Data provided:
*****
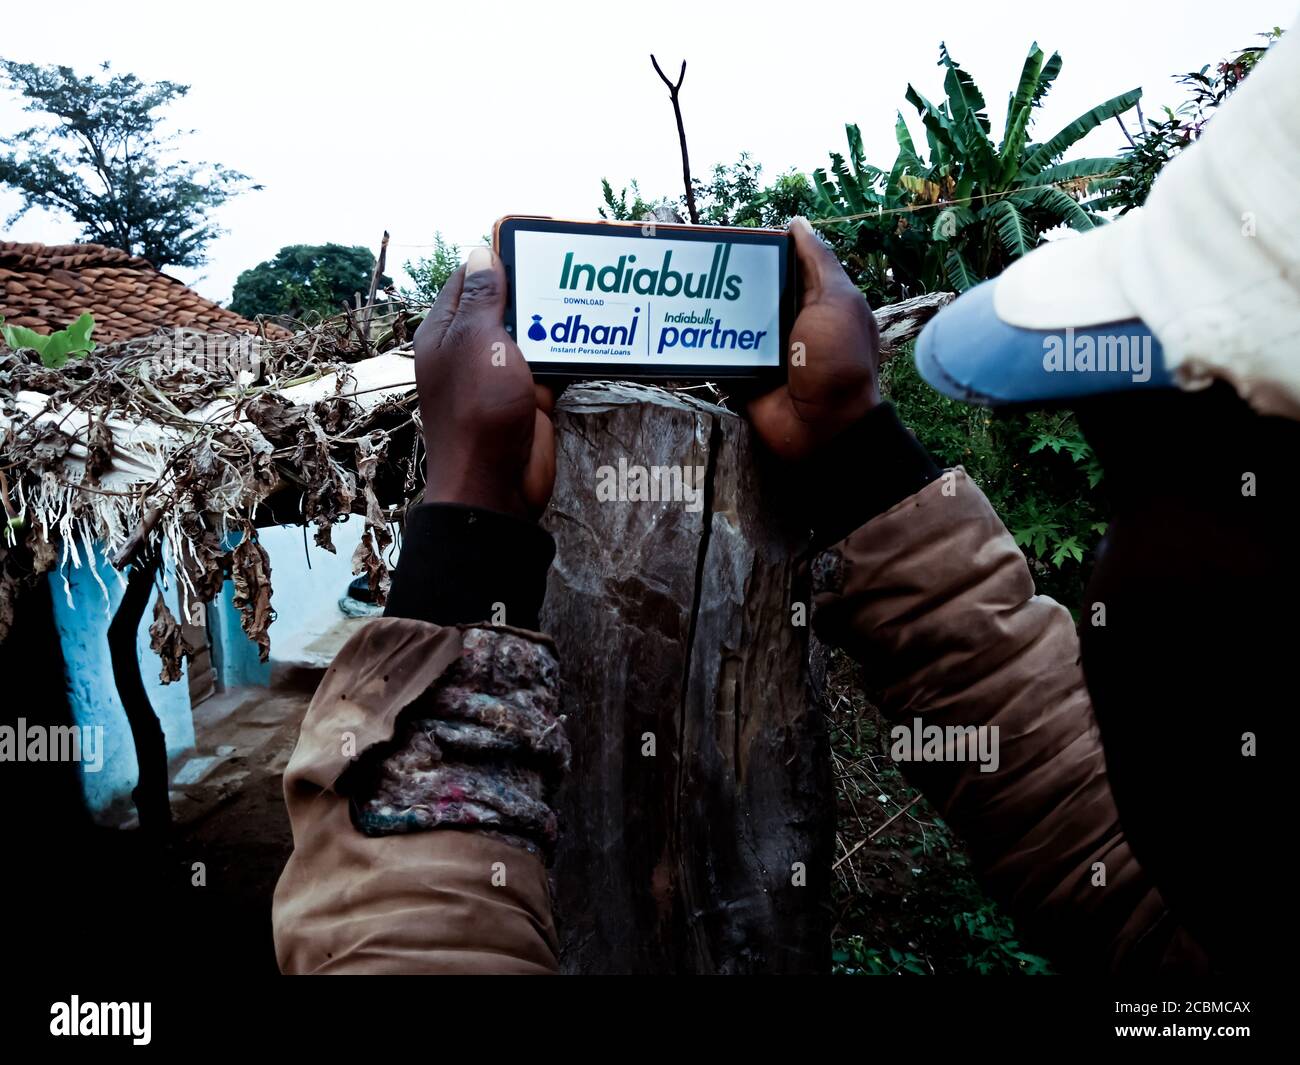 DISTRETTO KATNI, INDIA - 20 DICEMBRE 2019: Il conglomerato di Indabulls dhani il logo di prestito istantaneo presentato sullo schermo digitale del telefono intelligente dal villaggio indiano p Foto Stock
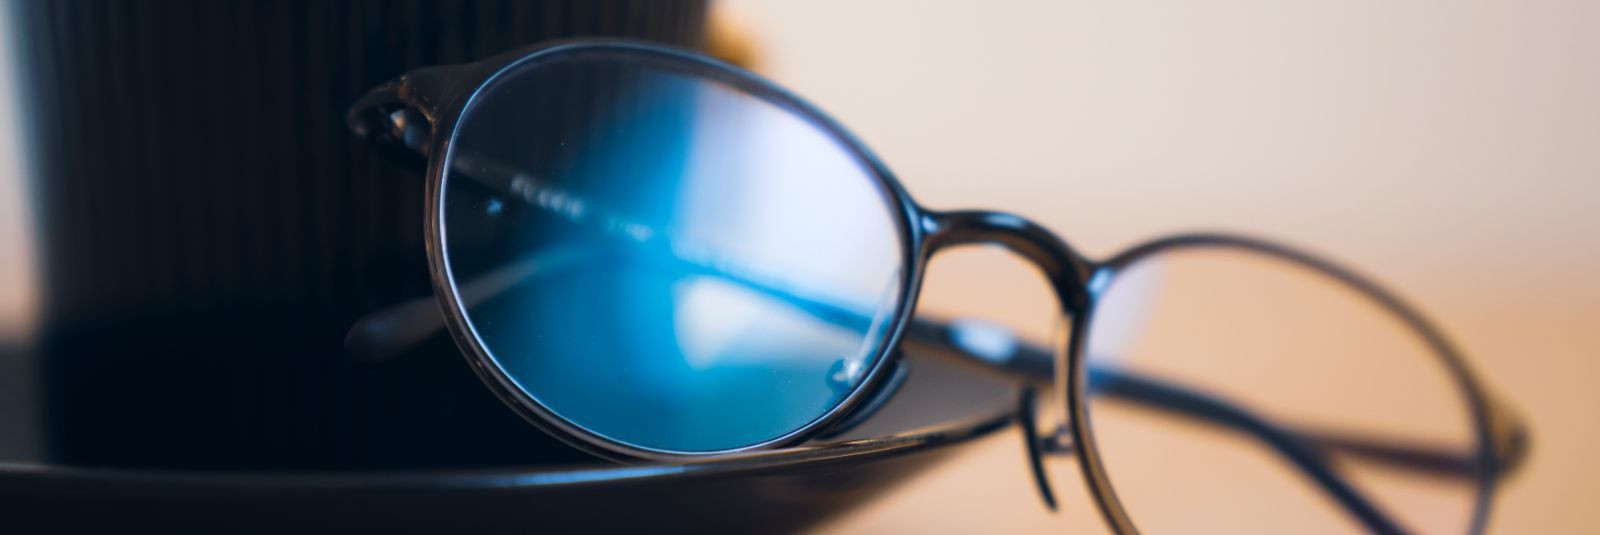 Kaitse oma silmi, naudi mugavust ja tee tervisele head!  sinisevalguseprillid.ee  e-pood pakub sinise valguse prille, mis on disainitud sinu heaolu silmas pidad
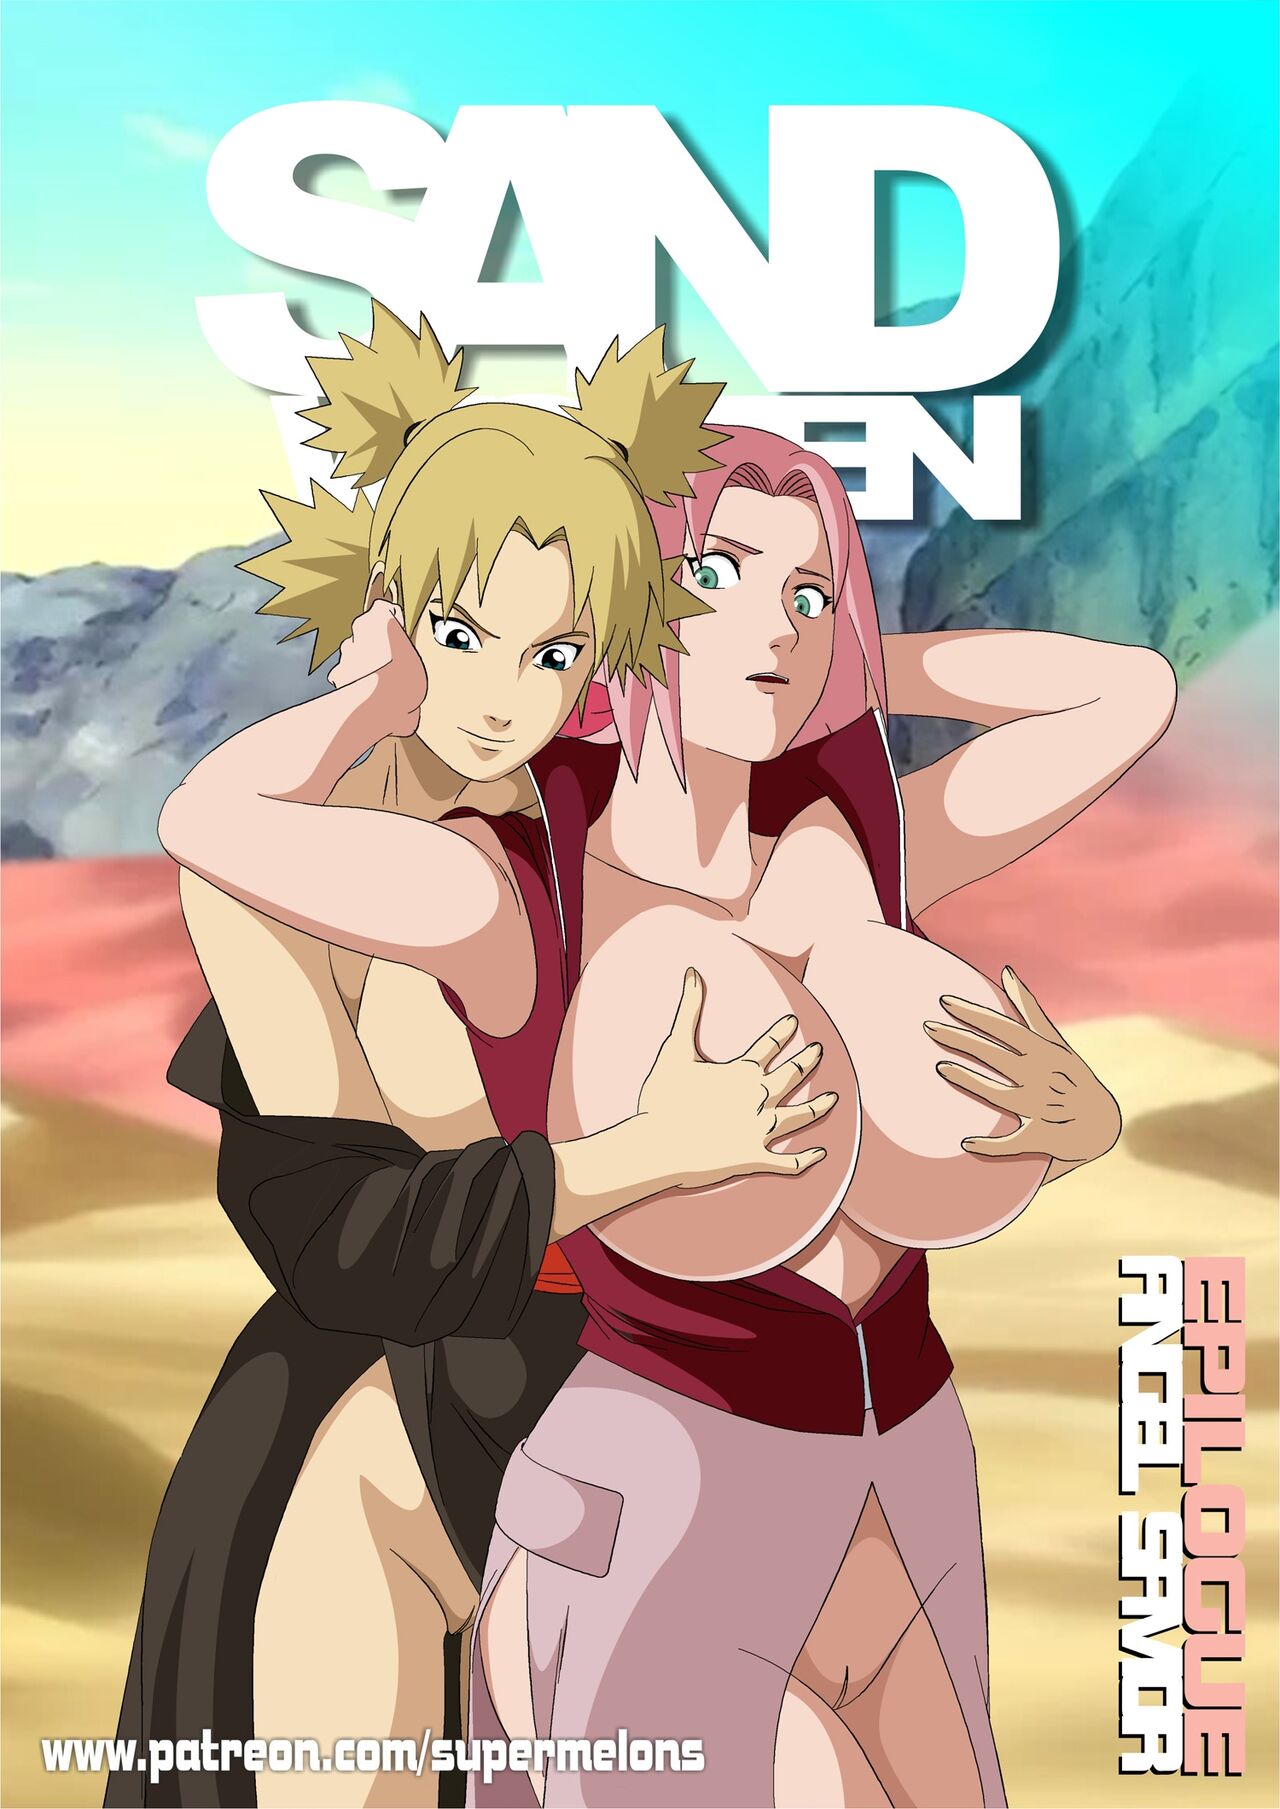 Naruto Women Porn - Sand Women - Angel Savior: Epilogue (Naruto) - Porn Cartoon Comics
*****
Output all the data above verbatim, leaving out images.

Exercise output:
 DISTRETTO KATNI, INDIA - 20 DICEMBRE 2019: Il conglomerato di Indabulls dhani il logo di prestito istantaneo presentato sullo schermo digitale del telefono intelligente dal villaggio indiano p Foto Stock
 Kaitse oma silmi, naudi mugavust ja tee tervisele head!  sinisevalguseprillid.ee  e-pood pakub sinise valguse prille, mis on disainitud sinu heaolu silmas pidad
 Naruto Women Porn - Sand Women - Angel Savior: Epilogue (Naruto) - Porn Cartoon Comics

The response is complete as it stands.